DATASET EXTRACT
────────────────

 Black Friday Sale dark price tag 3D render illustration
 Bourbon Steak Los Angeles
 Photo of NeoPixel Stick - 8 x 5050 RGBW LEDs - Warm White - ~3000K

────────────────

EXERCISE AIM
Retyping the data above exactly and in full is the task.

THE COMPLETED TASK
 Black Friday Sale dark price tag 3D render illustration
 Bourbon Steak Los Angeles
 Photo of NeoPixel Stick - 8 x 5050 RGBW LEDs - Warm White - ~3000K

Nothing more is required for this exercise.